Correlation between systemic immune‑inflammation index and routine hemogram‑related inflammatory markers in the prognosis of retinopathy of prematurity
Künye
Akdogan, M., Ustundag, Y., Cevik, S. G., Dogan, P., & Dogan, N. (2021). Correlation between systemic immune-inflammation index and routine hemogram-related inflammatory markers in the prognosis of retinopathy of prematurity. Indian Journal of Ophthalmology, 69(8), 2182.Özet
Purpose: To evaluate the prognostic potential of systemic inflammatory index in the course of retinopathy
of prematurity (ROP). Methods: This is a retrospective case‑control study. 303 infants with a gestational
age of ≤35 weeks were screened with and without ROP at birth and 1 month after the birth of complete
blood counts (CBC) were included in this study. Serum neutrophil‑to‑lymphocyte ratio (NLR),
lymphocyte‑to‑monocyte ratio (LMR), platelet‑to‑lymphocyte (PLR), and systemic immune‑inflammation
index (SII) was calculated at birth and one month after. LMR was calculated by dividing the absolute
lymphocyte count by the absolute monocyte count. NLR and PLR were determined by dividing the
absolute neutrophil count or the absolute platelet count by the absolute lymphocyte count, respectively.

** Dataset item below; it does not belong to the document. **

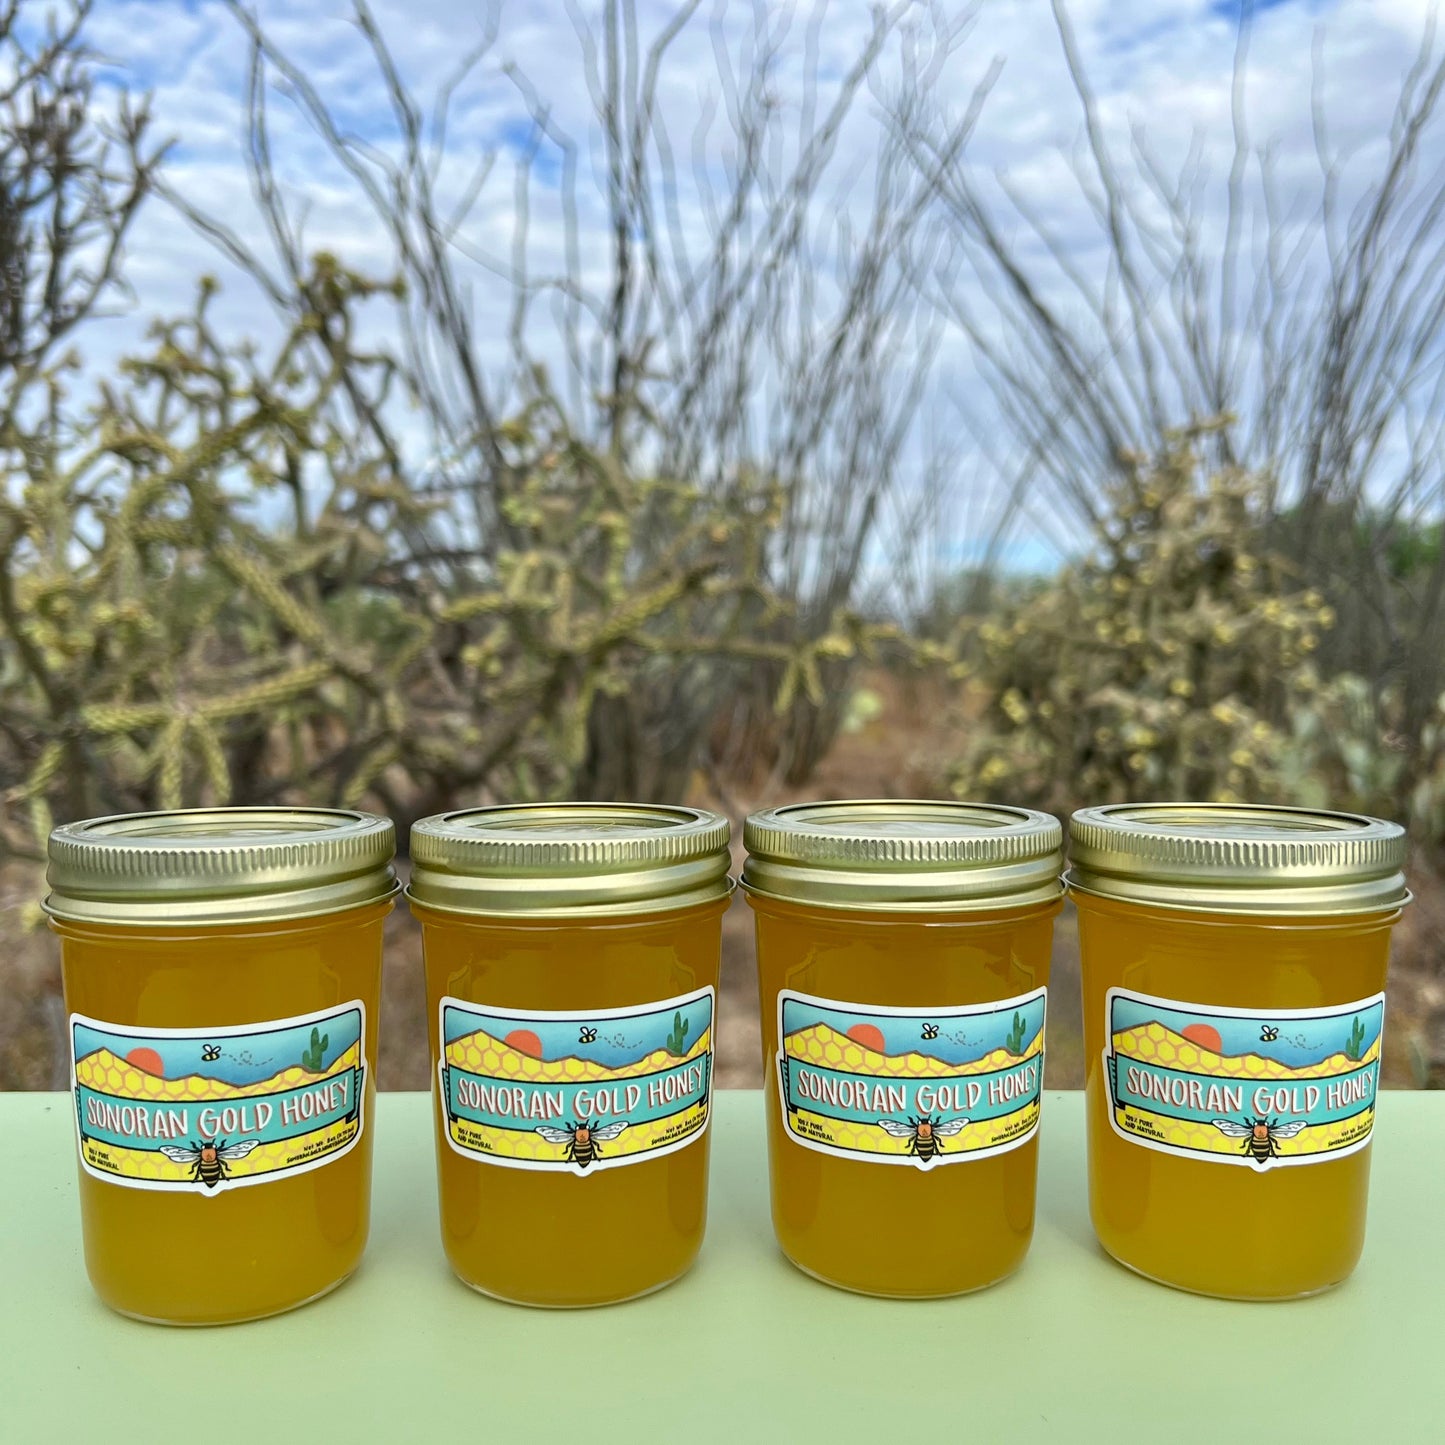 Four 8oz Jars of Sonoran Gold Honey
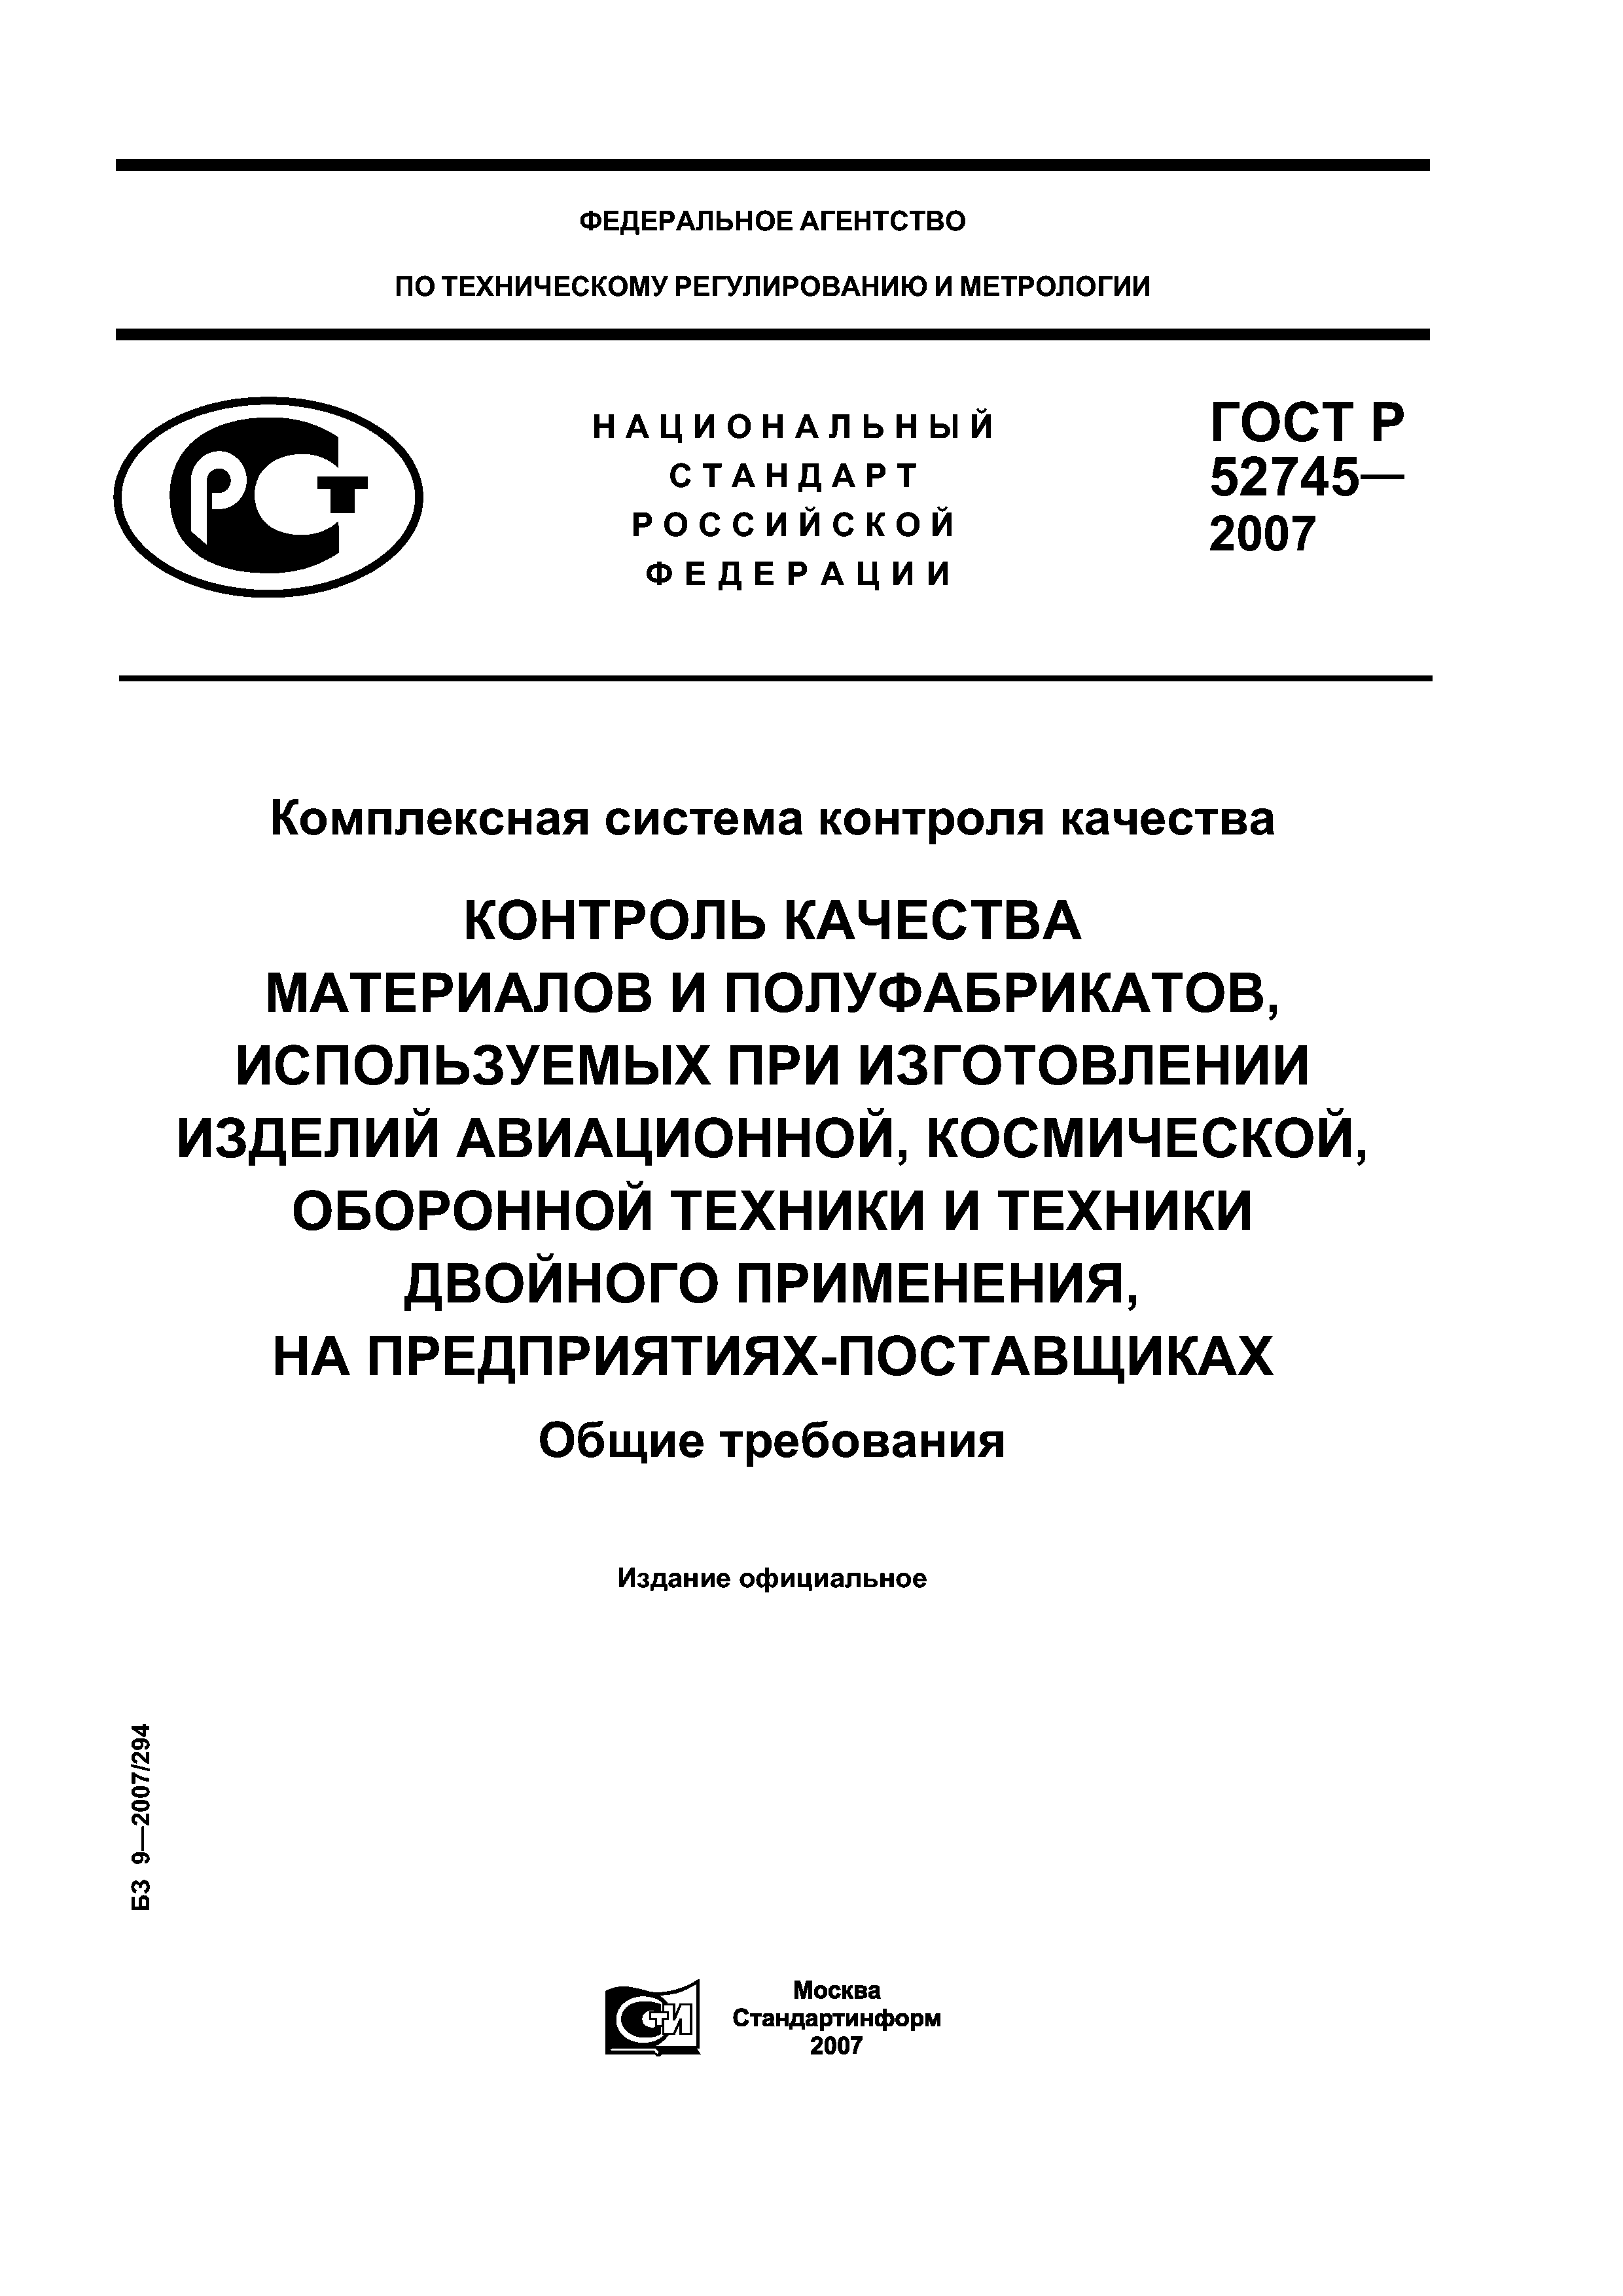 ГОСТ Р 52745-2007

The SII was calculated by the formula = neutrophilxplatelet/lymphocyte. All statistical analyses were
performed using SPSS 22 (SPSS for Windows, version 22.0; SPSS, Inc. Chicago, IL, USA). Results: A total
of 303 infants were included 145 with ROP and 158 without ROP. The NLR, LMR, PLR and SII values
were 0.56 ± 1.17/0.51 ± 1.04 (P = 0.997), 13.7 ± 18/9.49 ± 13.1 (P = 0.014), 31.69 ± 68/24.1 ± 37.7 (P = 0.268),
131.42 ± 326/124.66 ± 267 (P = 0.935) in with ROP and without ROP infant at birth respectively. The
NLR, LMR, PLR, and SII values were 0.68 ± 1.27/0.34 ± 0.99 (P = 0.001), 2.58 ± 6.01/2.46 ± 14.5 (P = 0.706),
47.5 ± 78.33/33.55 ± 42.4 (P = 0.035), and 253 ± 681/114 ± 345 (P = 0.001), respectively in with ROP and without
ROP infant at 1 month after birth. Conclusion: The NLR, PLR, and SII seem an independent predictor of
the development of ROP.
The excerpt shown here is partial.